→ Data to examine
##############################

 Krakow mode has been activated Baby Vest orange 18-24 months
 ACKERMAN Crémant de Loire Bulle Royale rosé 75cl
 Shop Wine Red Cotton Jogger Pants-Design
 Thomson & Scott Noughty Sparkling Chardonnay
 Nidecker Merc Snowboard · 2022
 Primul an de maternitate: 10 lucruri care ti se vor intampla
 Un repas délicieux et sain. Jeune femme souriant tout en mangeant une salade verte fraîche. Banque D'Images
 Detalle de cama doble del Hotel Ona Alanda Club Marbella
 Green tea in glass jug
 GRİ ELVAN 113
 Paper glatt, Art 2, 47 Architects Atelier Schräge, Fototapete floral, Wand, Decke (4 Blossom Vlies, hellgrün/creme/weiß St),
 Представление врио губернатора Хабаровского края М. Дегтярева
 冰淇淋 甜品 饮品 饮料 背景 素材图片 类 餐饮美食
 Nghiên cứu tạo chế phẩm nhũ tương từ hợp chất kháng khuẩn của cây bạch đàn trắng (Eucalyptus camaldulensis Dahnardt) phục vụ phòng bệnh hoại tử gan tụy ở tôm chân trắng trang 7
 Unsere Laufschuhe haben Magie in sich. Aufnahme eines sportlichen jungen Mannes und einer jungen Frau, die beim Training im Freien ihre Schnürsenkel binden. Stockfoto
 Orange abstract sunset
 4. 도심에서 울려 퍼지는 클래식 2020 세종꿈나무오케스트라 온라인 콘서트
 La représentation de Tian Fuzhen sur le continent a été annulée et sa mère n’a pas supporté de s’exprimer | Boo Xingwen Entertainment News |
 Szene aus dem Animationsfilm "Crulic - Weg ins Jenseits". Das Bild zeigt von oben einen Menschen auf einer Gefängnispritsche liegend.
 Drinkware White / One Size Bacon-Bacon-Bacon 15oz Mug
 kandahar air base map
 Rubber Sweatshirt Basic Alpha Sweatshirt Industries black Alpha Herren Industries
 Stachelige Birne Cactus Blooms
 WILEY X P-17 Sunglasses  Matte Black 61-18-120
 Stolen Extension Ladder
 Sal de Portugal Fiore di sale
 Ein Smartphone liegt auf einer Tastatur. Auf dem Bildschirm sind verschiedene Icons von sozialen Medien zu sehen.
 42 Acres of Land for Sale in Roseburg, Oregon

##############################

→ Problem requirements
Your answer must be the lines from the first line of the entries above through the line that contains "Detalle de cama", written out exactly.

→ Reply
 Krakow mode has been activated Baby Vest orange 18-24 months
 ACKERMAN Crémant de Loire Bulle Royale rosé 75cl
 Shop Wine Red Cotton Jogger Pants-Design
 Thomson & Scott Noughty Sparkling Chardonnay
 Nidecker Merc Snowboard · 2022
 Primul an de maternitate: 10 lucruri care ti se vor intampla
 Un repas délicieux et sain. Jeune femme souriant tout en mangeant une salade verte fraîche. Banque D'Images
 Detalle de cama doble del Hotel Ona Alanda Club Marbella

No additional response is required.